**DIRECTIONS FOR THIS TASK:**
For this exercise, output the entries below exactly from the line that holds "The CRA Is Hiring" to the line that holds "CEMA Audition Poster", both ends included. No pictures belong in the copy.

(WORKING DATA)

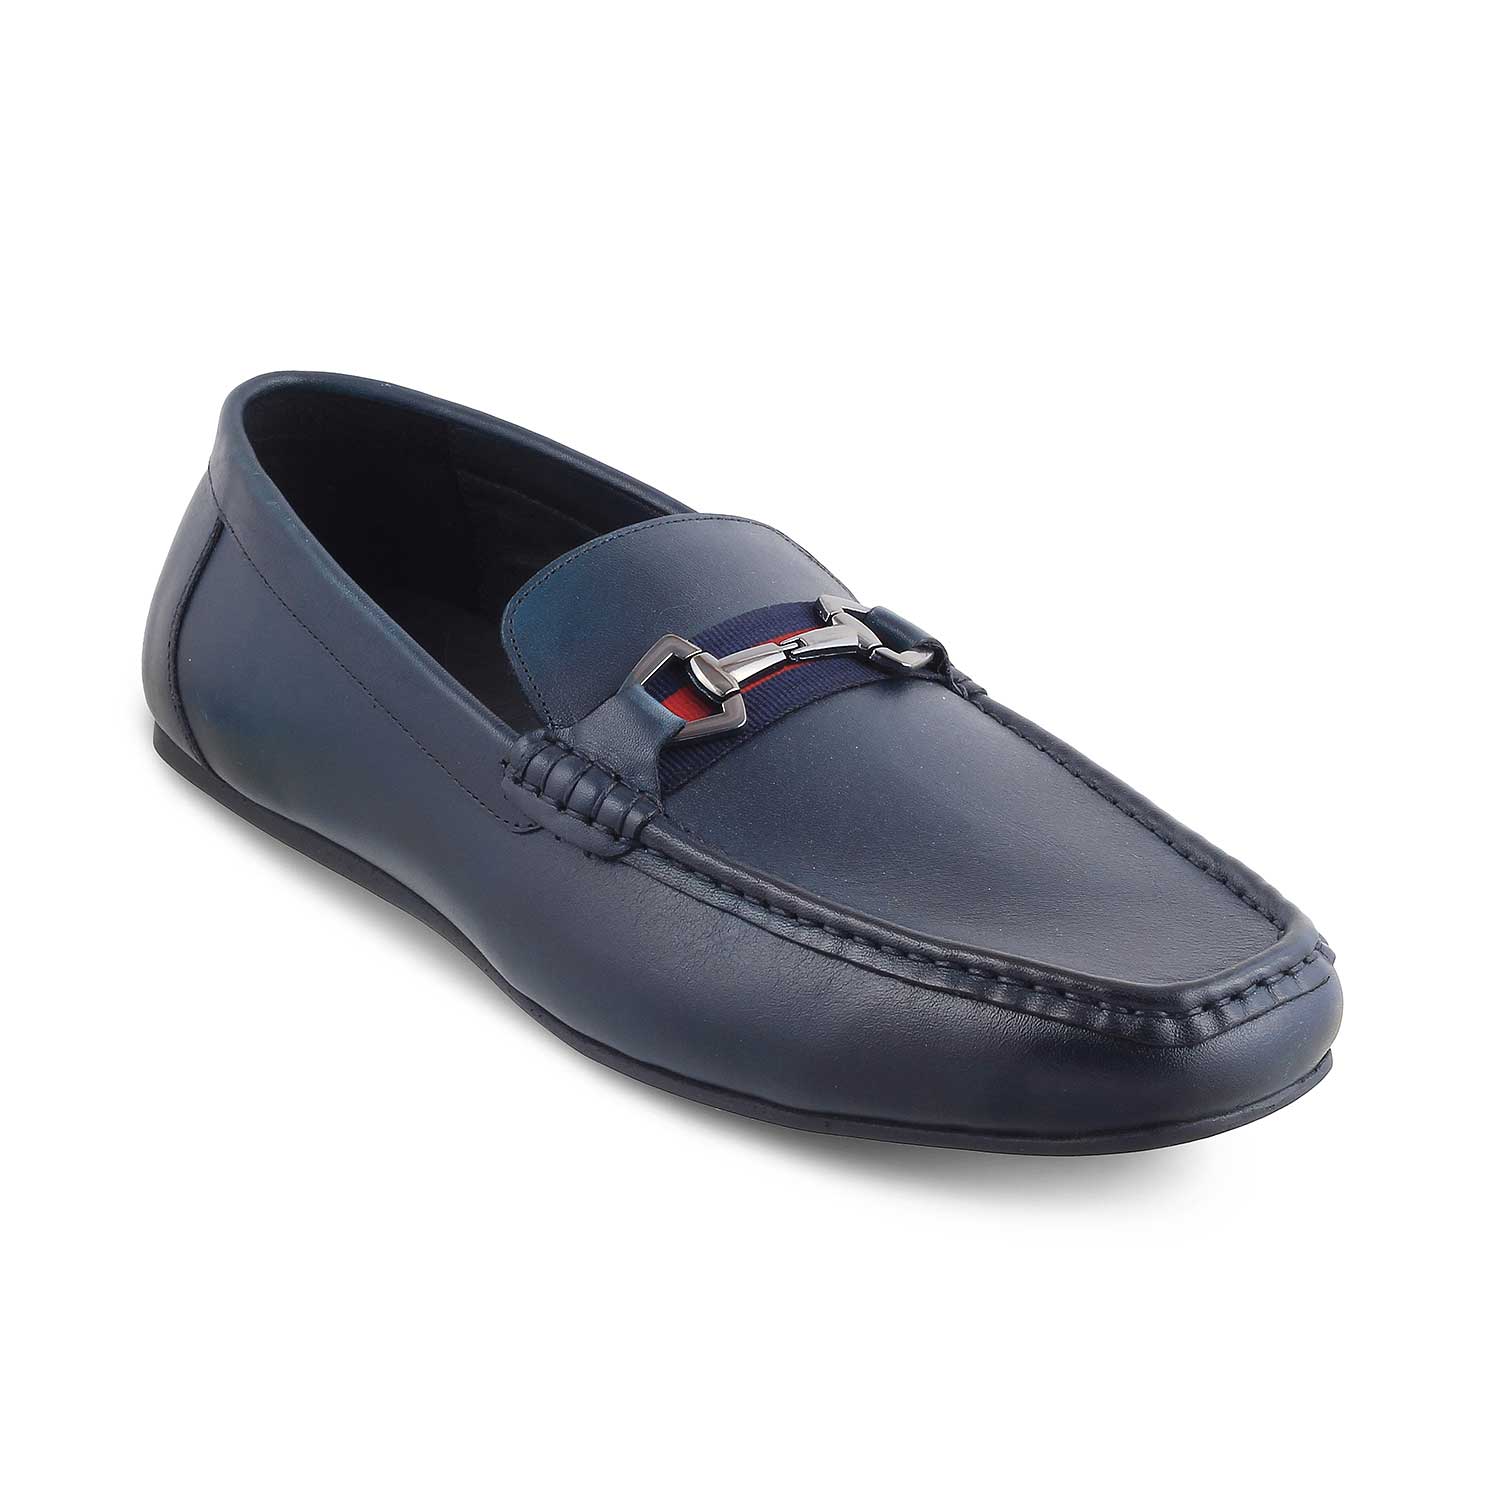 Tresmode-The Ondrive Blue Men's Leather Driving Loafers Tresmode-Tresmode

(End WORKING DATA)
(WORKING DATA)

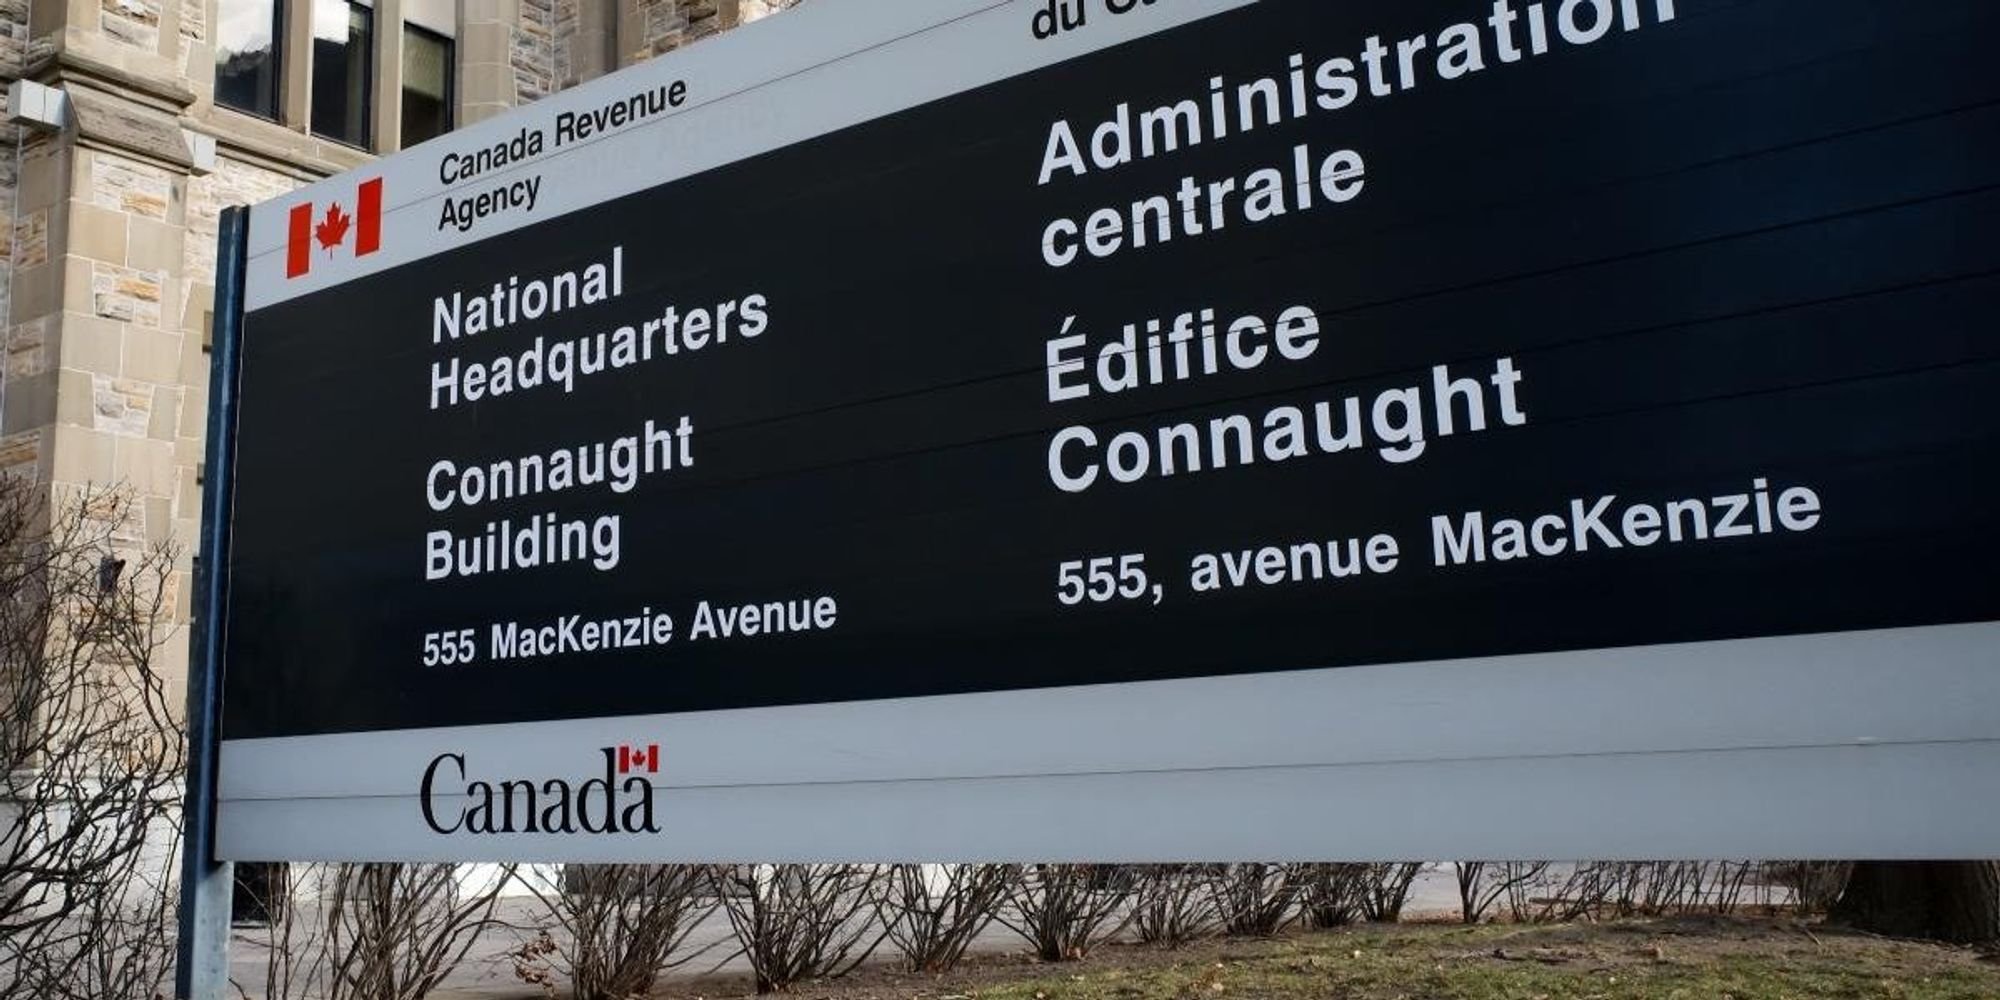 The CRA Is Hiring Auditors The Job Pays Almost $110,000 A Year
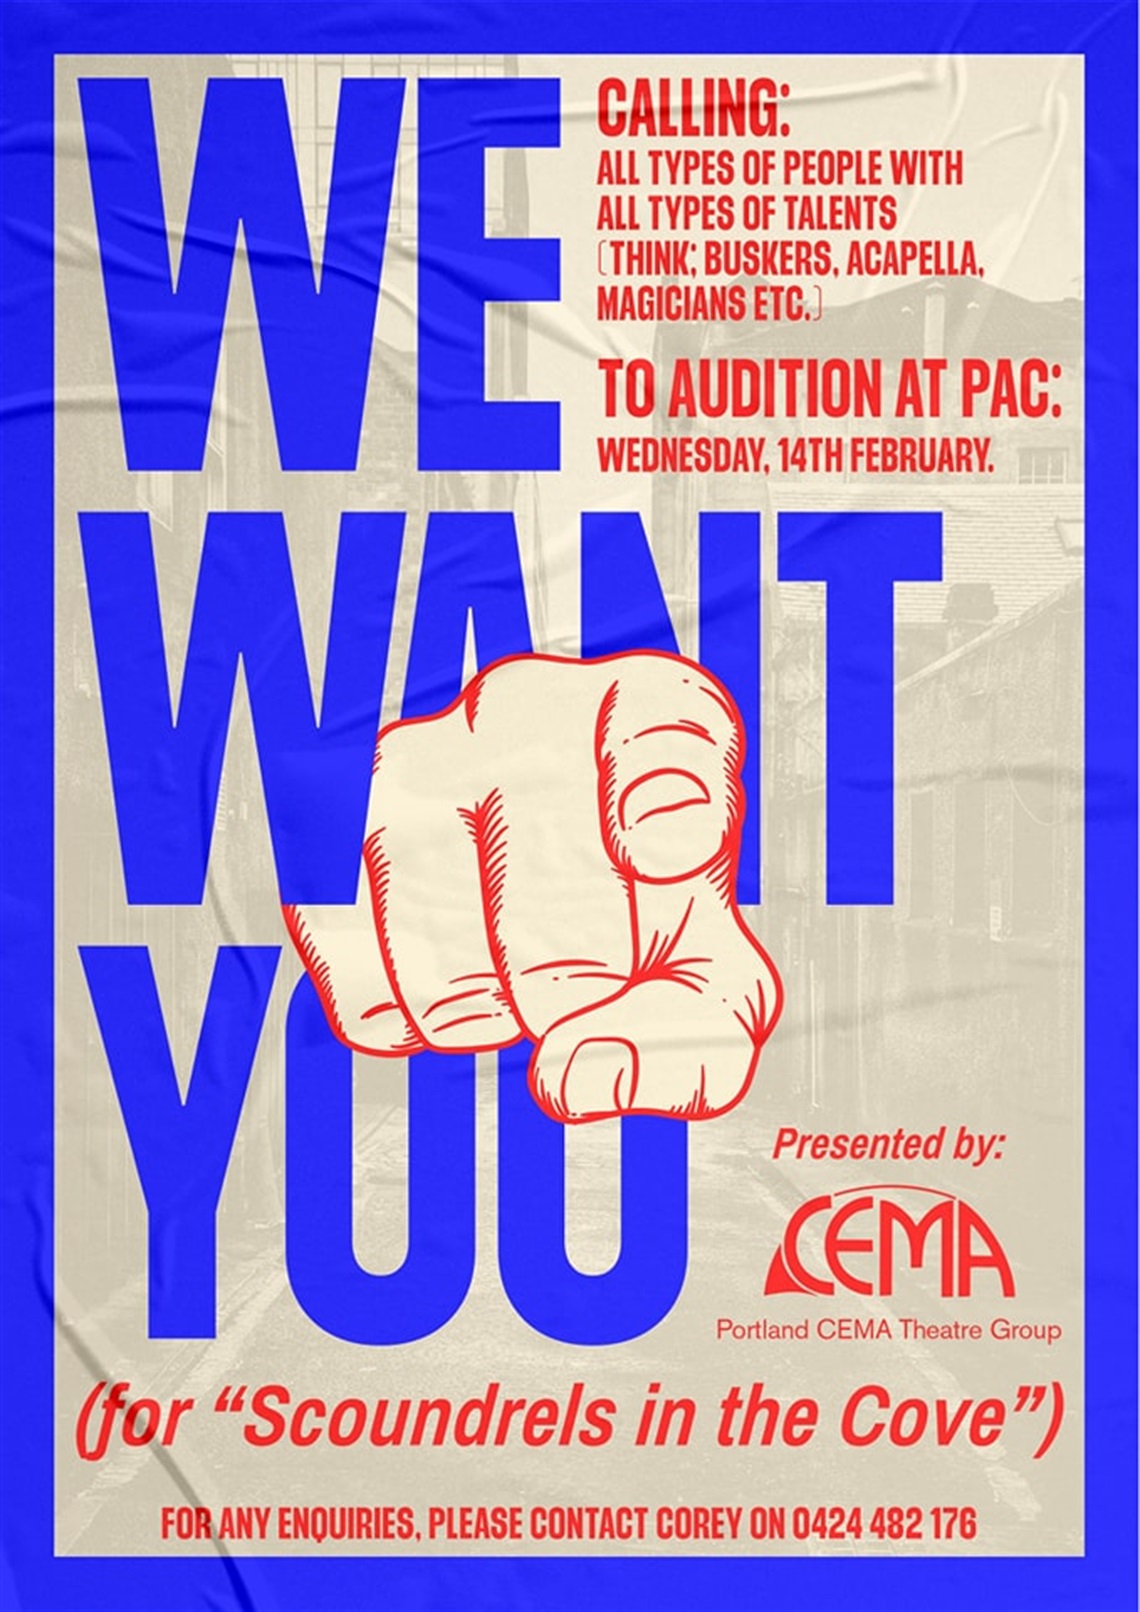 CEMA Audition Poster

(End WORKING DATA)

**EXPECTED ANSWER:**
 The CRA Is Hiring Auditors The Job Pays Almost $110,000 A Year
 CEMA Audition Poster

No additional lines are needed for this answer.